--- AIM OF THE EXERCISE ---
Return each entry below word for word, leaving out any image.

START RECORDS SHOWN

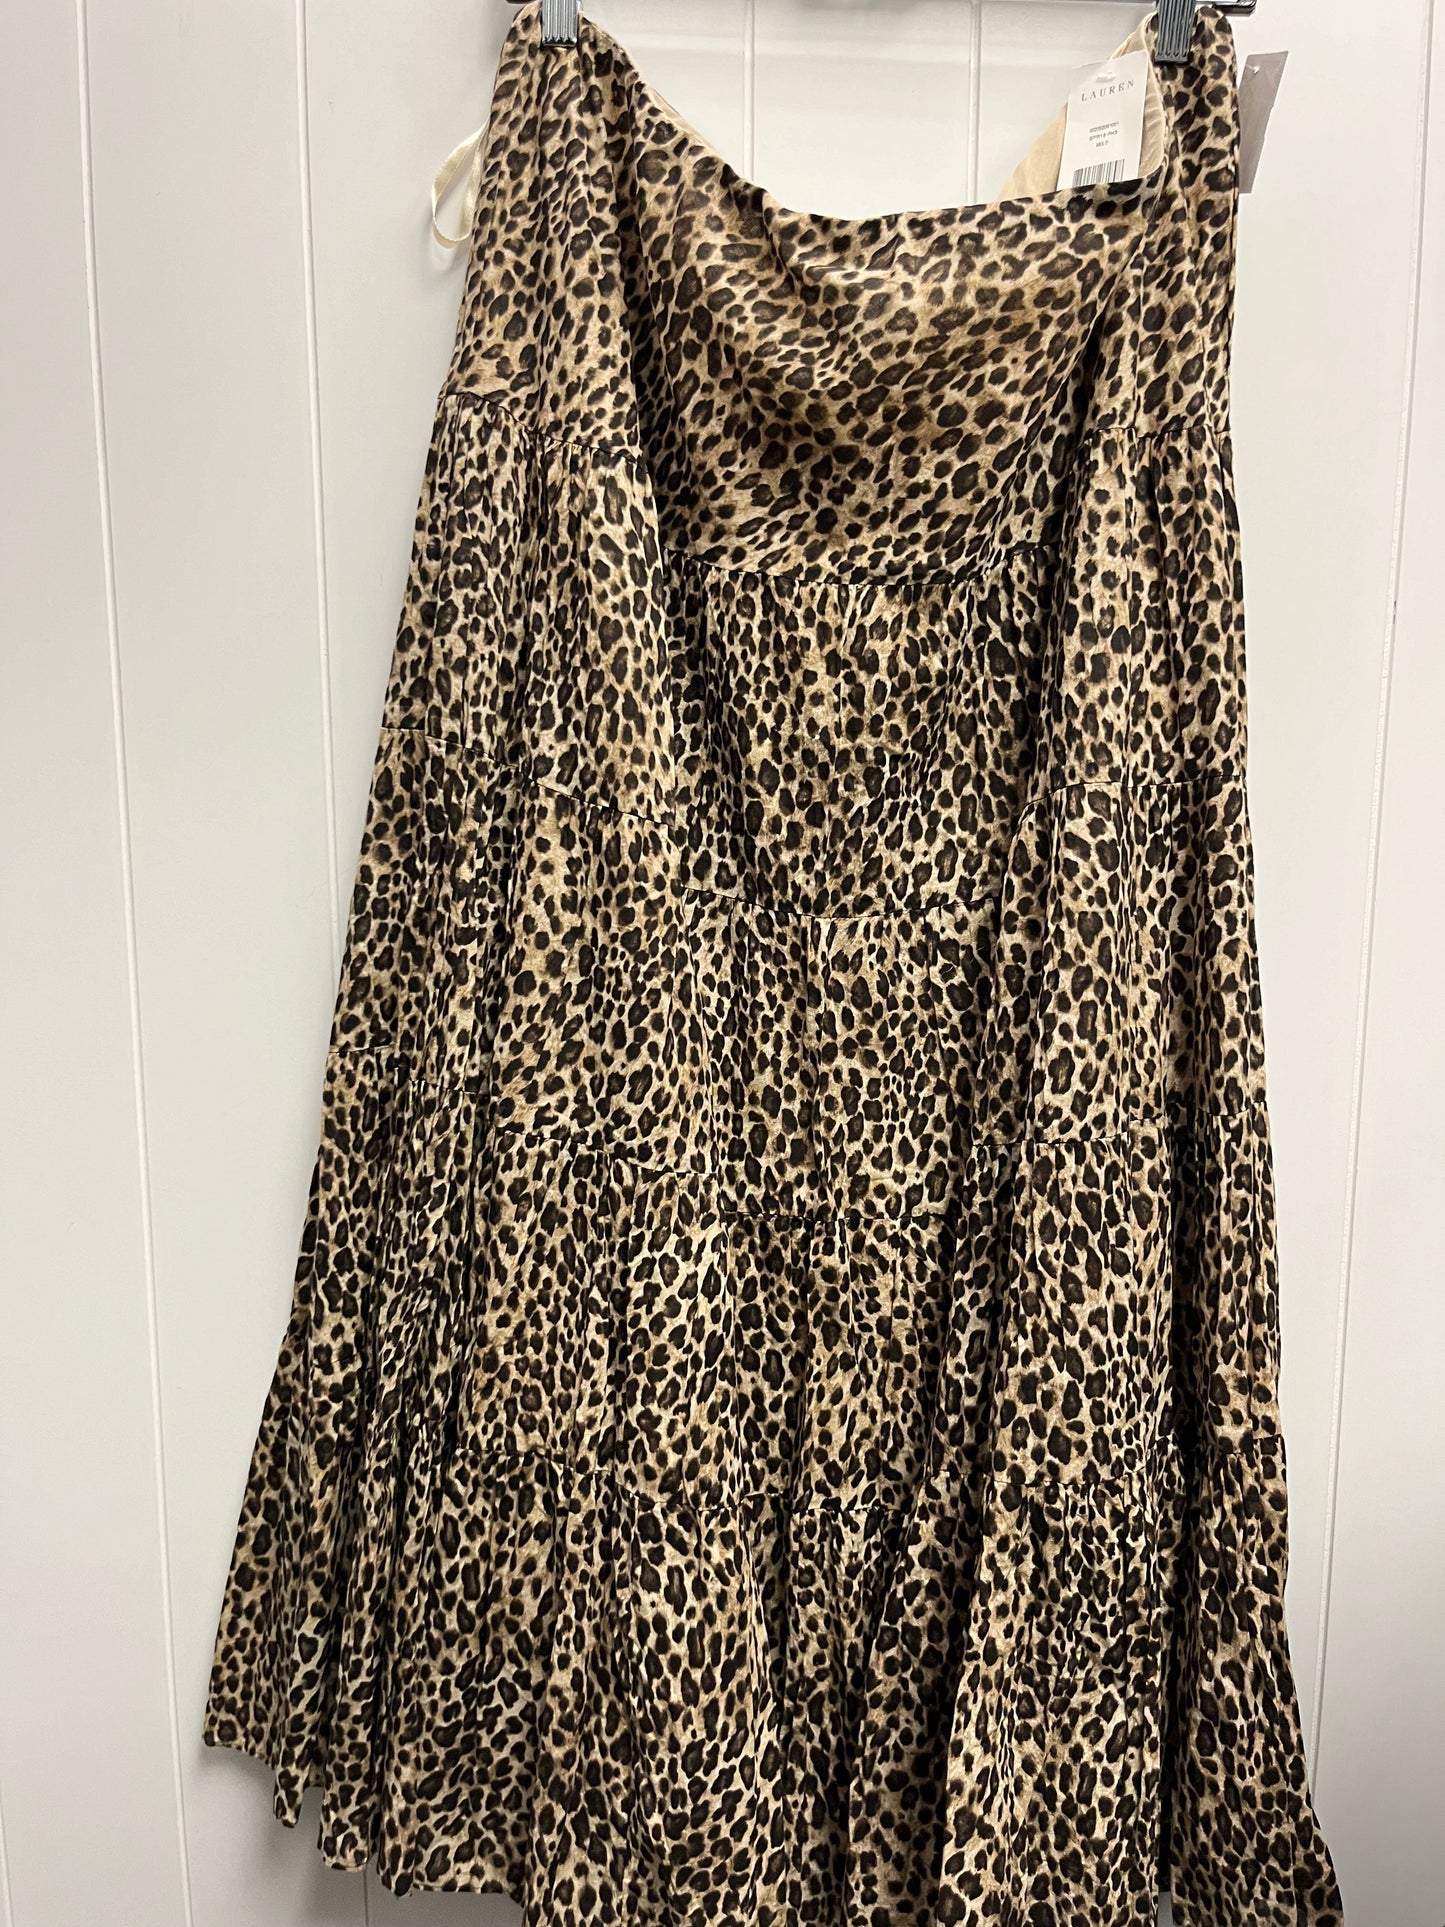 Animal Print Skirt Maxi Ralph Lauren, Size 2x
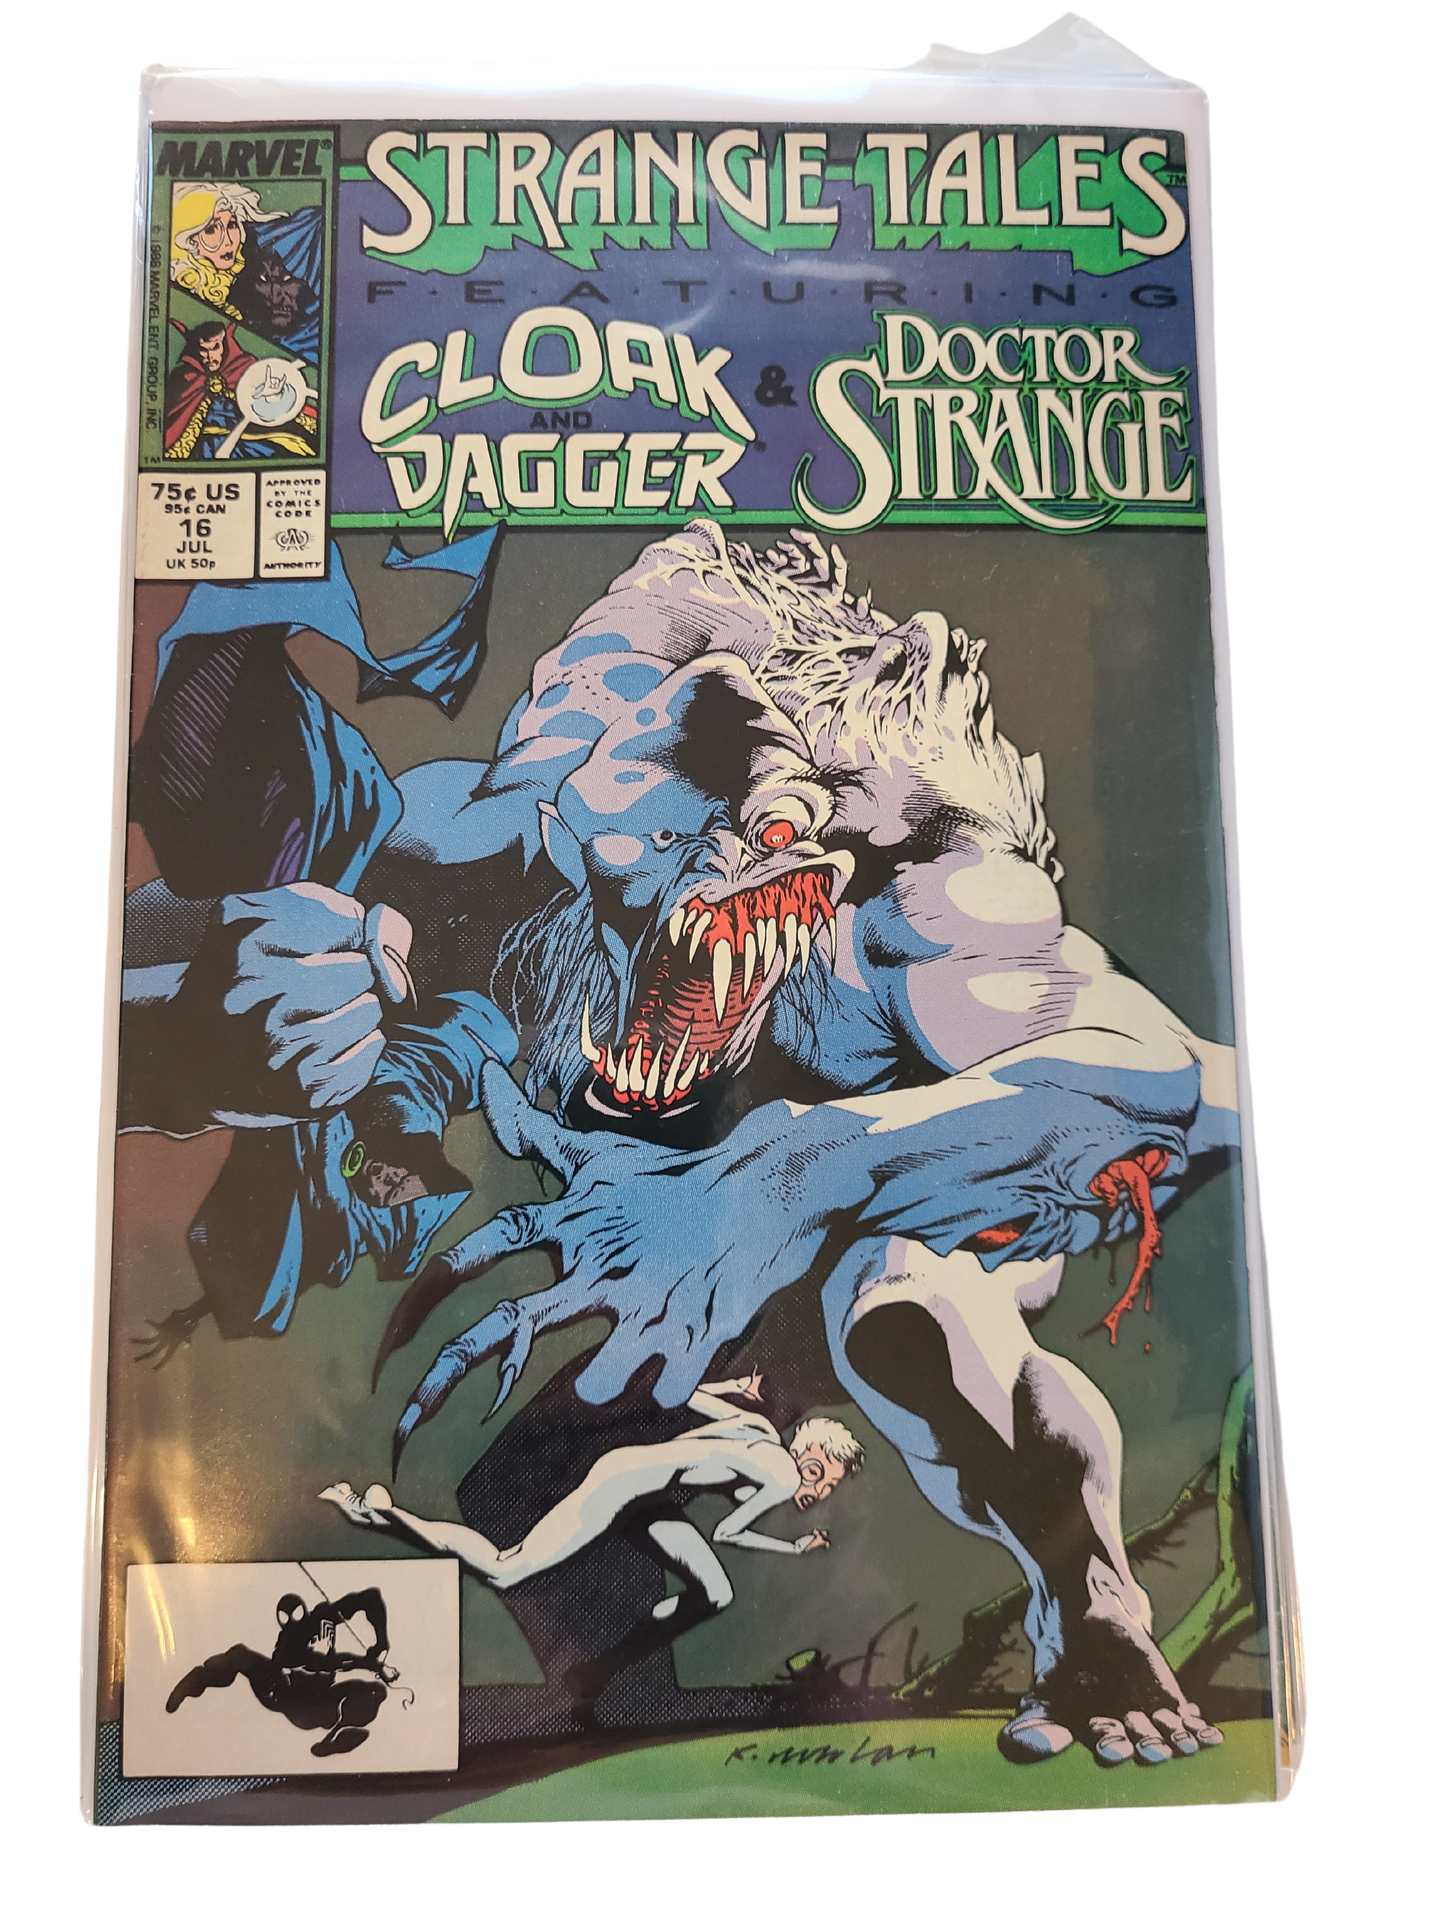 Strange Tales #16 Featuring Cloak and Dagger & Doctor Strange!
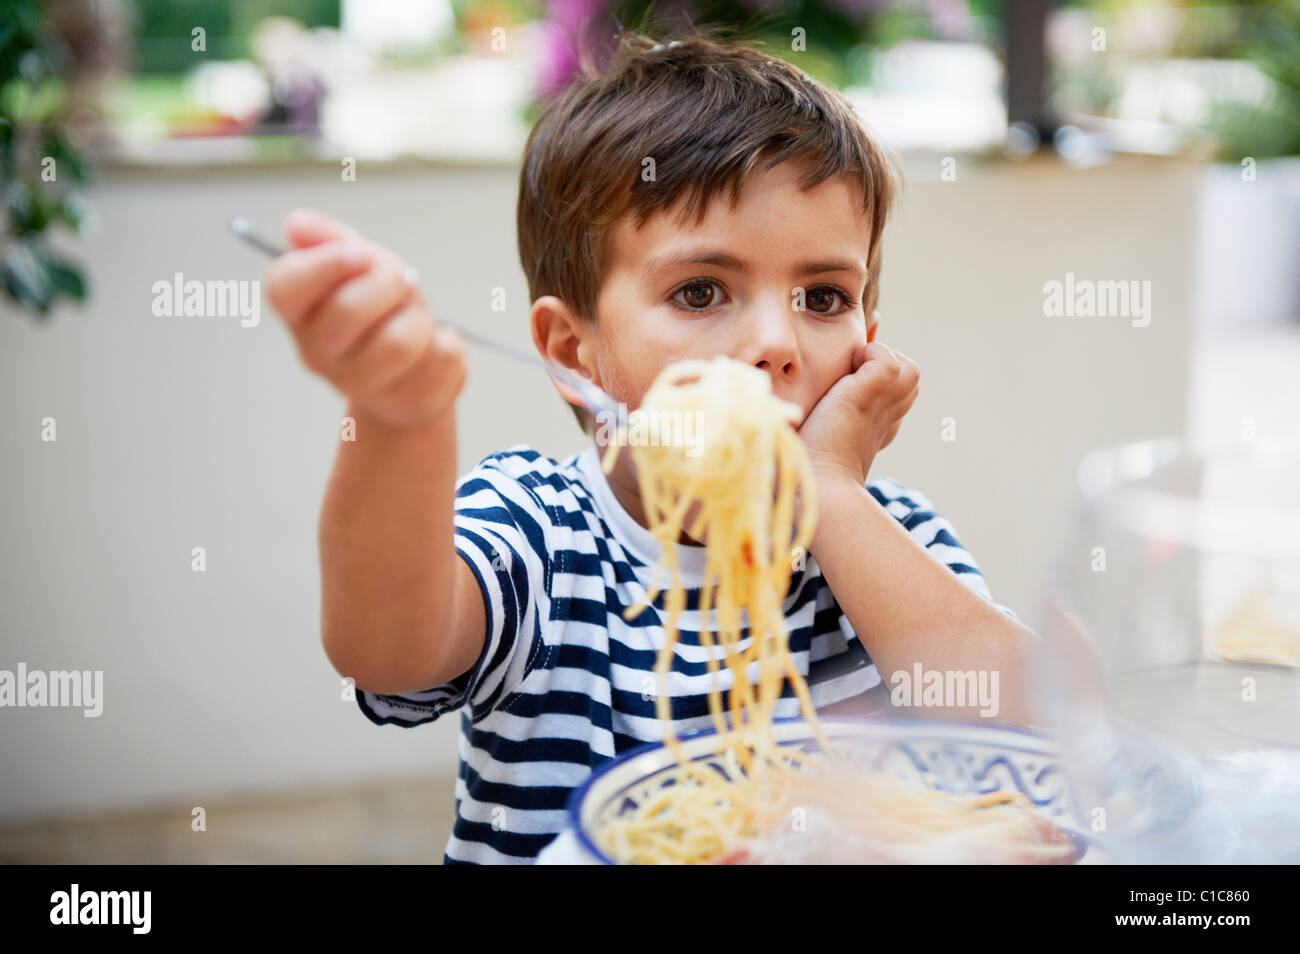 Young boy eating spaghetti Stock Photo
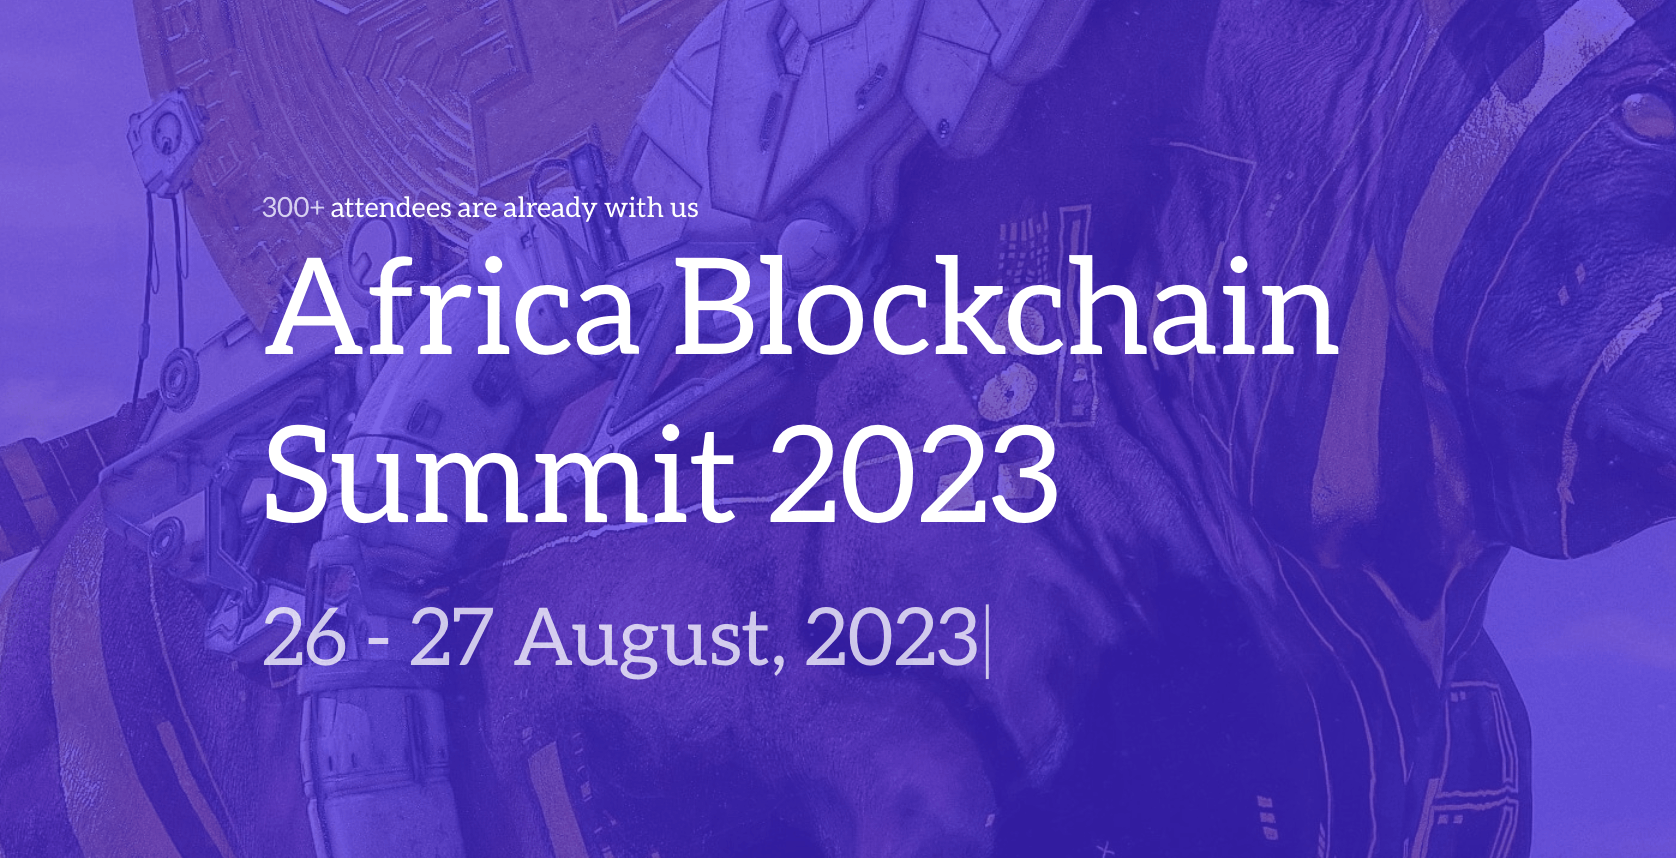 Africa Blockchain Summit 2023
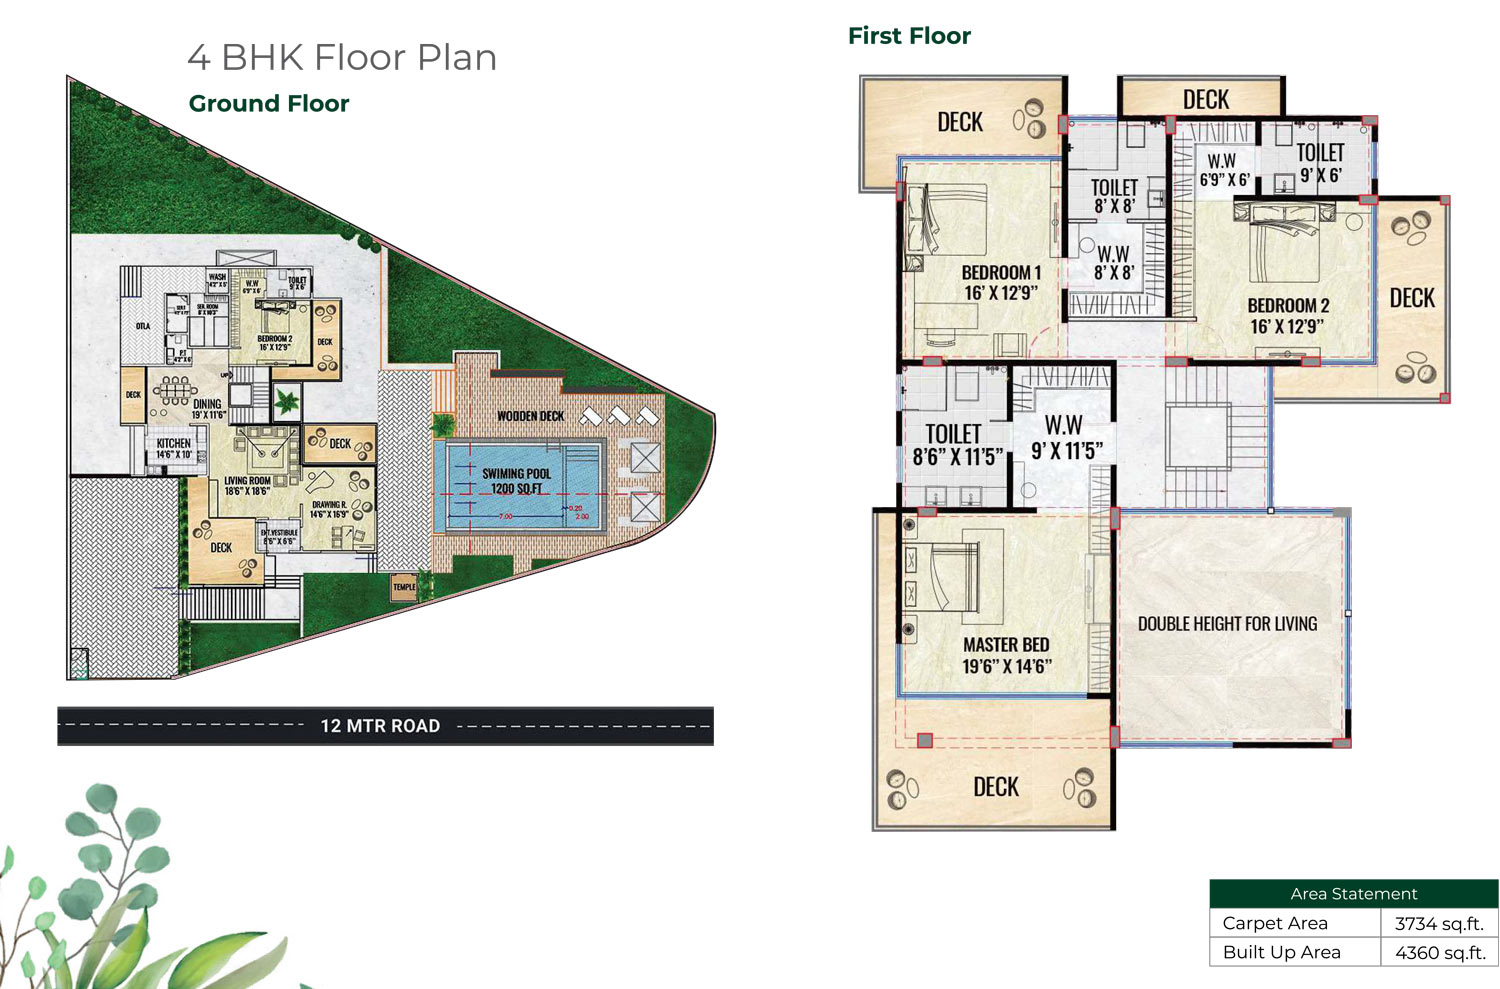 4bhk Floor Plans

END RECORDS SHOWN

--- ANSWER TO THE PROBLEM ---
 Animal Print Skirt Maxi Ralph Lauren, Size 2x
 Strange Tales #16 Featuring Cloak and Dagger & Doctor Strange!
 Young boy eating spaghetti Stock Photo
 Africa Blockchain Summit 2023
 4bhk Floor Plans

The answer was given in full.